陸に上げられた魚は海を目指し、海に落とされた虎は陸を目指す。鳥は空で生きようとし、モグラは土と生きる。それがそれぞれの「居場所」(喜びの場)だからだ。ならば、あなたも自分の居場所を見つけてほしい。「自分が生きられる場所」だ。それがたとえどこであれ、あなたが笑って生きられるなら、私もとても嬉しい。そしてそれぞれの場所で、これからも最期まで、生き抜いていきたいと思う。

コメント

  1. 江藤敬介 より:

    同感です逃げることは最終的に正解です。

    私も逃げた。モノも社会的なシステムもそのまま置いて逃げた。

    それは良い結果を産んで今がある。

    迷惑を掛けた人もいるけど誰も文句を言わない。知っているからだろう。

    数キロの位置にいるけど私をそっとしている。

    死ねば志し半ばで役目を引退しなければいけない。

    その先の大事な仕事が出来なくなる。

    生きて生き抜くことこそ大事な仕事(役目)なのだろう。

    あなたのネットで発言する勇気に感謝します。

    今を生きている者より

    • Dilettante より:

      江藤さん、ようこそ、闇の向こう側へ。

      ここ最近特に、いろいろな読者の方々からのメールが一気に寄せられてきていたのですが、そのなかには、

      もう毎日自殺を考えています

      というような切実なものもいくつもあり、

      そのひとたちに対して改めてなにが言えるだろう?

      と自問してまとめたのがこの文章です。

      というよりも、私がここで書いているものというのは、そのほぼすべてが

      「苦しみのなかでもがき続けているひとたち」

      に向けて書かれていると言ってもいいでしょう。人生がうまく行っているときには、「霊」や「死」の話など興味も湧かないでしょうから。

      ですが私ひとりの力には限界があります。今回こうして江藤さんがご自身の体験を記してくださったことは、多くのひとにさらなる力ときっかけを与えるものになると思います。

      ありがとうございます。

      そしてみんなで一緒に、これからを生き抜いていければと思います。

  2. enokawa より:

    Dilettanteさん、お久しぶりです。

    元旦の記事にもコメントした者です。

    相変わらず素晴らしい文章を書かれていて、胸を打たれました。

    私は以前、心身ともにどうしようもないところにまで追い詰められたことがある。…ついに逃げることができた。

    私もまったく同じでした。

    長年の不可解な心身の不調により身動きのとれない状態に追いつめられ、毎日が不安で生きていく自信もなく、すべてを諦める気持ちで(半ば健康状態に強制される形で)“逃げる”ことを決めました。

    可能な限り、自分の喜びだけを選ぼうと。

    実際にはまだ駆け出したばかりのような状況で、今後の生活が成り立っていくのかも不透明ですが、以前より随分生きることが楽に、そして以前よりも強く幸せを感じていて、不思議と不安もなく、逃げが「正しい選択」だったことを実感しています。

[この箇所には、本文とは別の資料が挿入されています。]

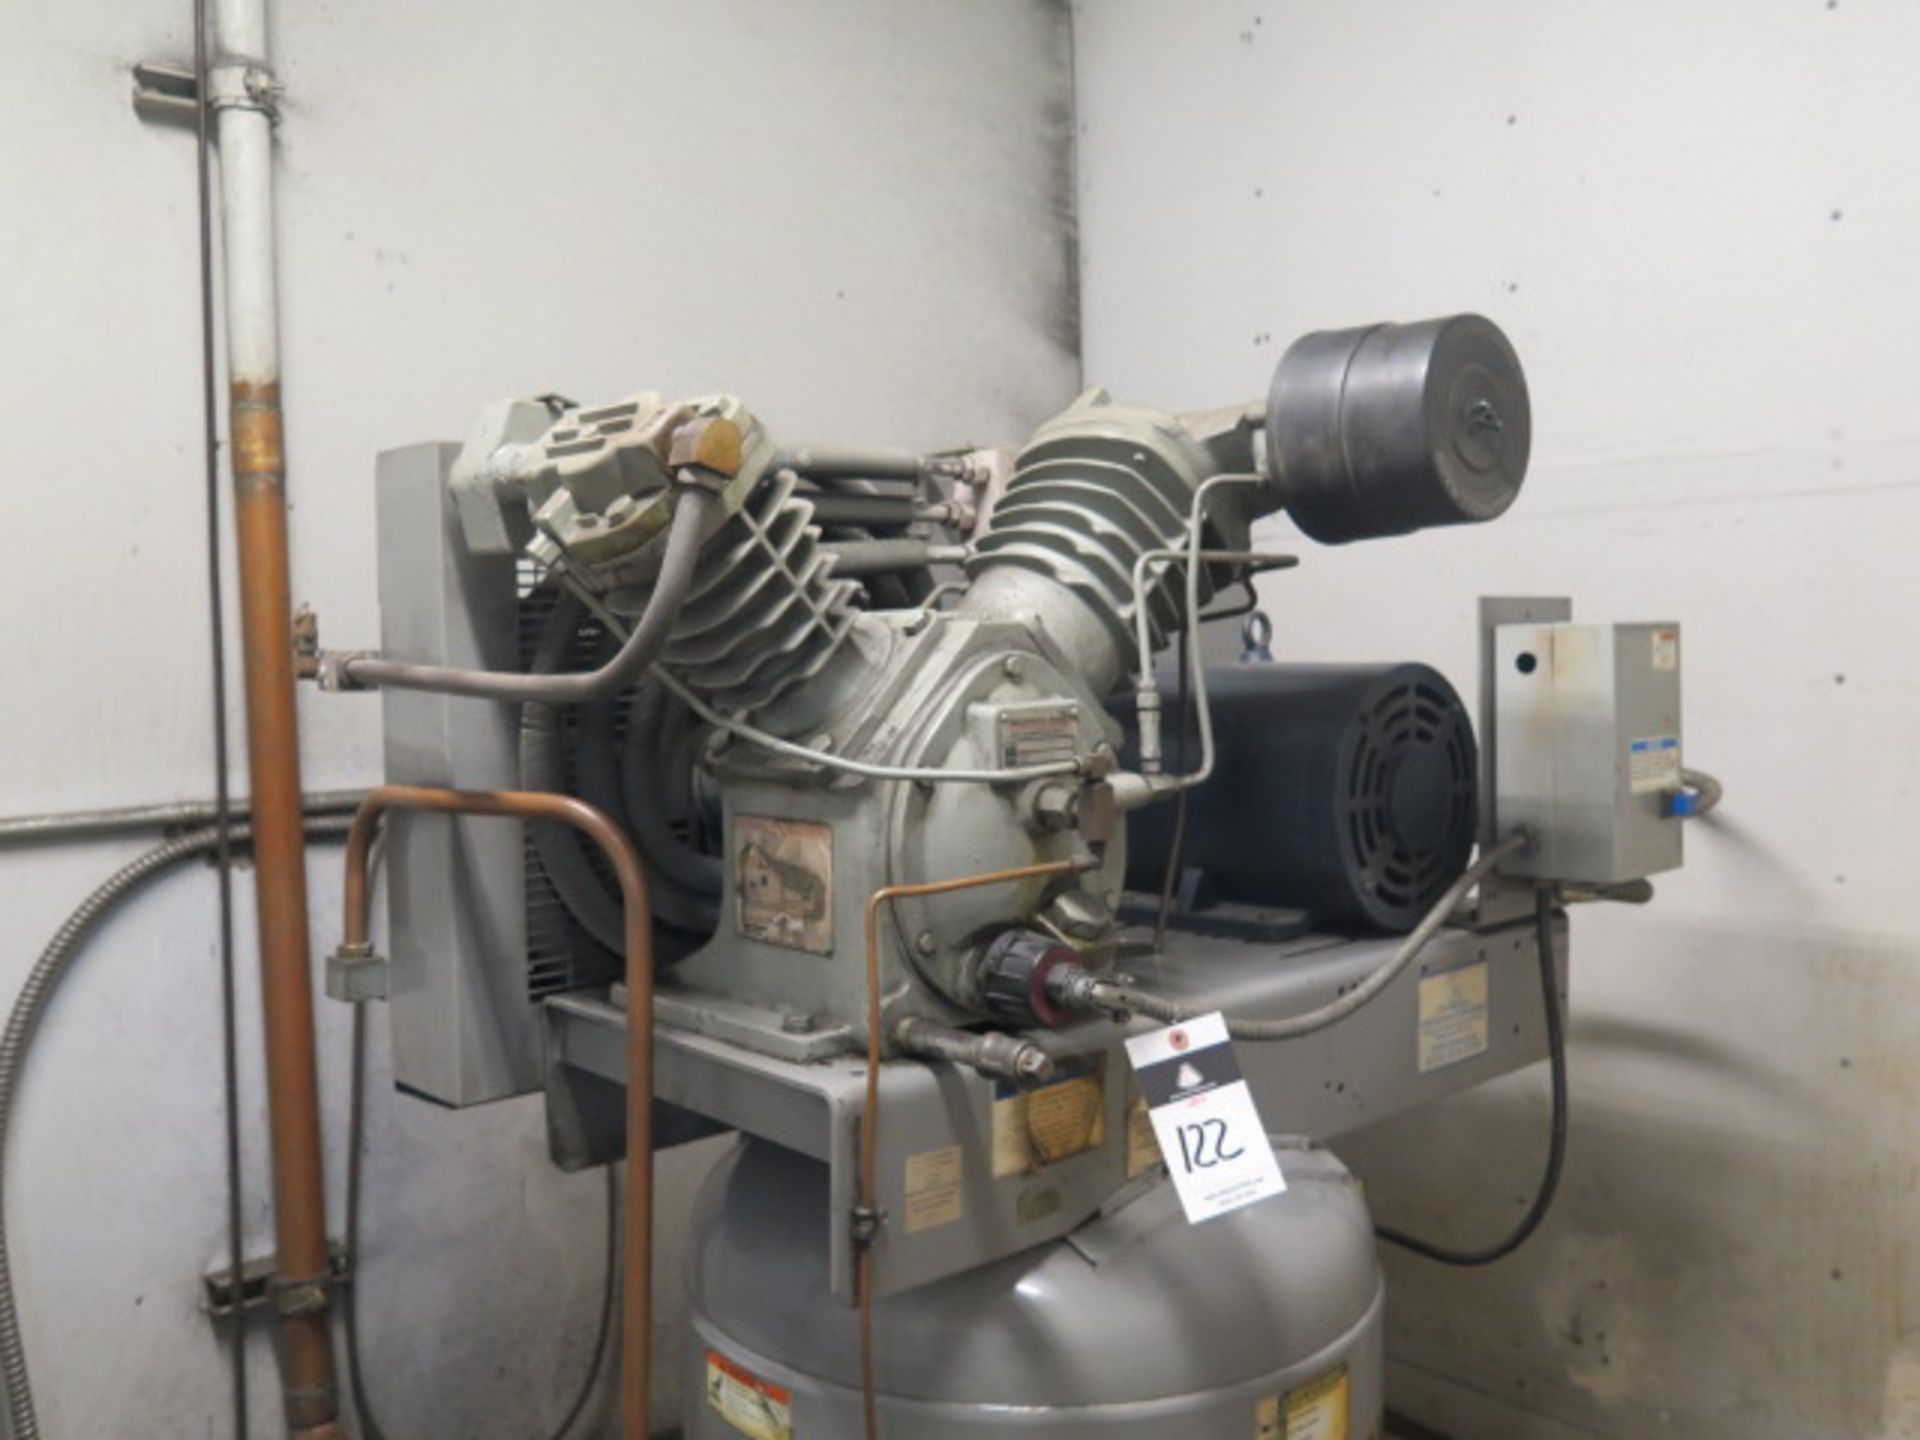 Ingersoll Rand T30 10Hp Vertical Air Compressor s/n 30T-889067 w/ 2-Stage Pump, 80 Gallon Tank - Image 2 of 5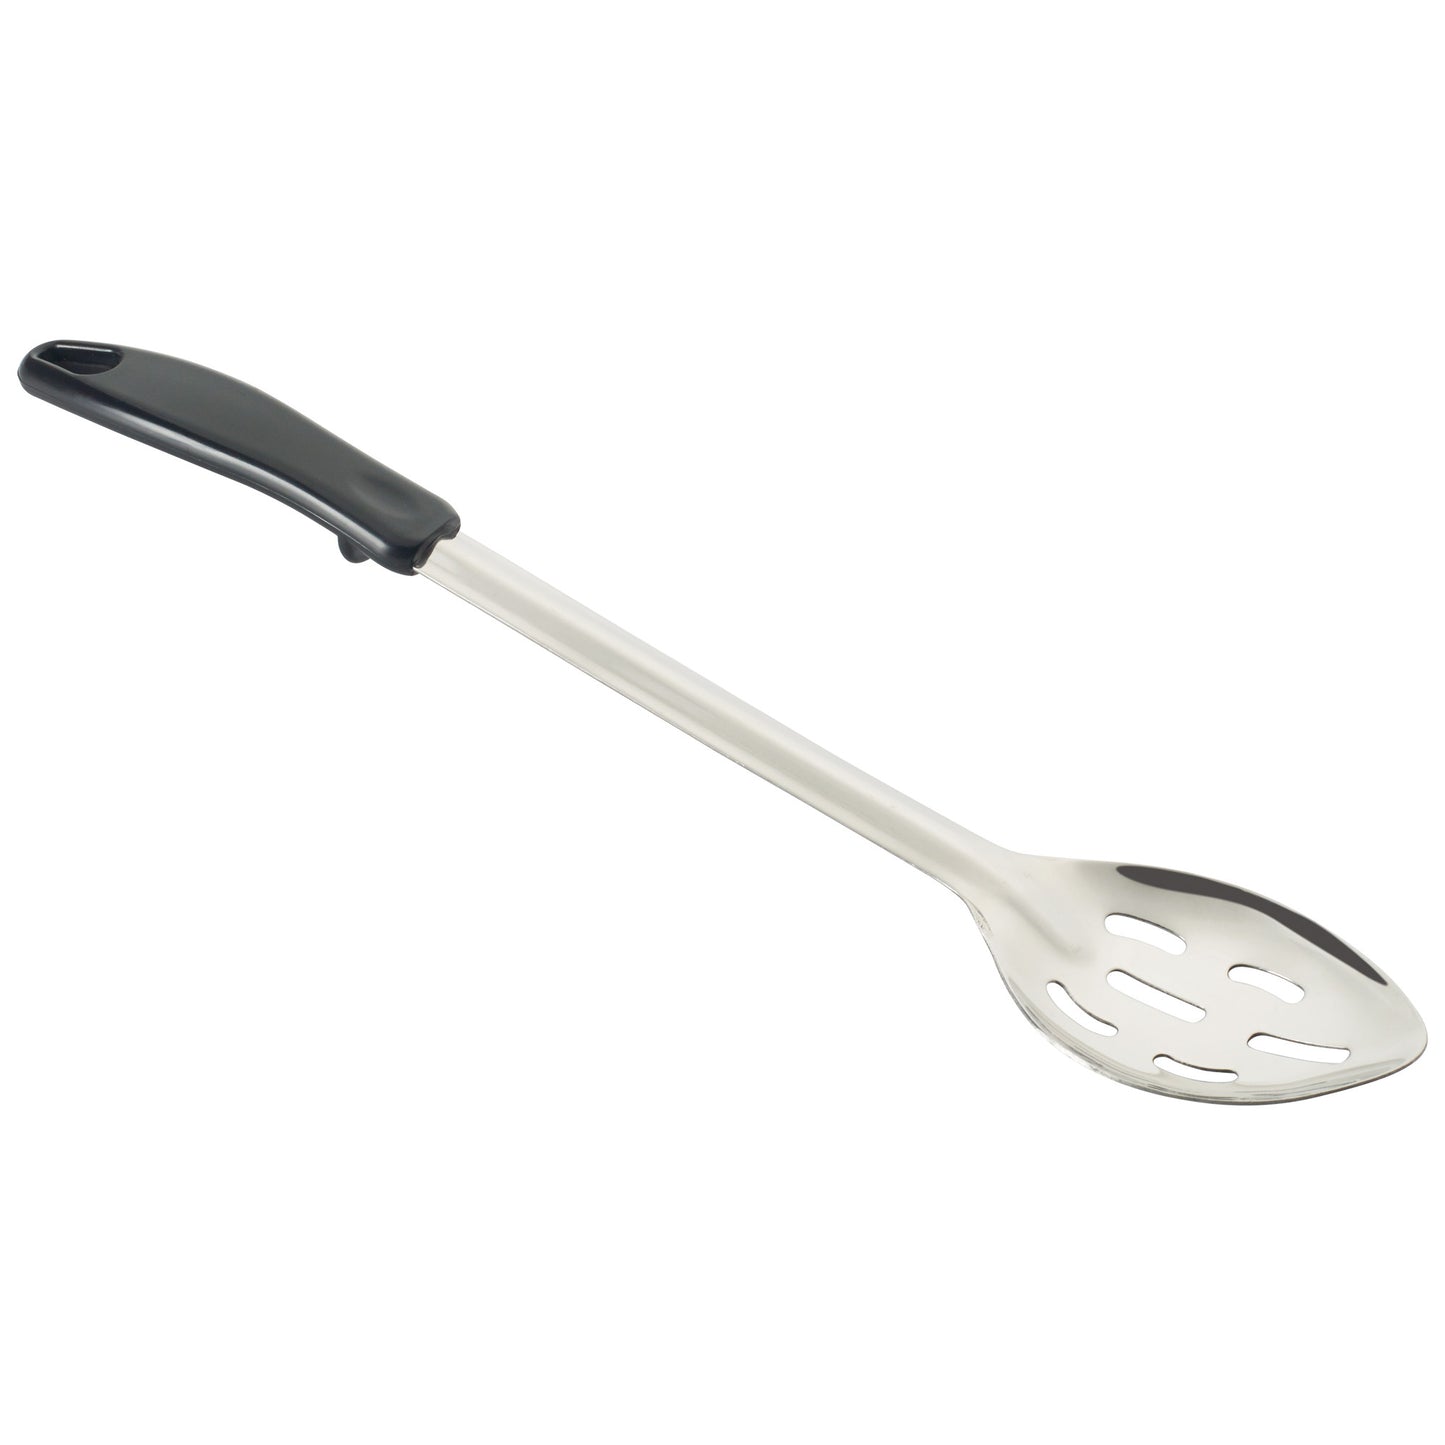 BHSP-15 - Basting Spoon with Stop-Hook Polypropylene Handle - Slotted, 15"

    現代に生きる人々に幸せが増えることを、私も心から祈っています。

    いつもDilettanteさんの美しい心に寄り添い、応援している気持ちでいます。

    • Dilettante より:

      enokawaさん、ようこそ、闇の向こう側へ。

      元旦の文章へのコメントも憶えていますよ。
      こちらこそ相変わらず読んでくださってありがとうございます。

      結局のところ、逃げた先でもいろいろなことはあるでしょう。
      私もそうです。
      けれども、少しでも苦しみを減らし、喜びを増やすためなら、そのような自分へ「変わる」ためなら、それはやはり「正しい選択」なのだと思います。

      私も日々悪戦苦闘している最中ではありますが、enokawaさんが応援してくださっていることは、いつも心に留めていたいと思います。
      そして、私もenokawaさんを心から応援しています。
      これからも一緒に、生き抜きましょうね。

  3. れっ より:

    苦しみから逃れる為に、たくさんのことを諦めて後悔し続ける生は意味がありますか?

    どんな人生でも生きてさえいれば死んでから、よく頑張ったと思えるでしょうか?

    • Dilettante より:

      れっさん、ようこそ、闇の向こう側へ。

      まず最低限

      「自殺せずに生き抜く」

      ことができれば、それだけでも素晴らしいことです。生きているときも死んでからでも、自分を褒めてあげていいことです。

      ただそのうえで、できれば後悔は少ないほうがいいですよね。

      「後悔し続けること」そのものが、ひとつの「苦しみ」なのですから。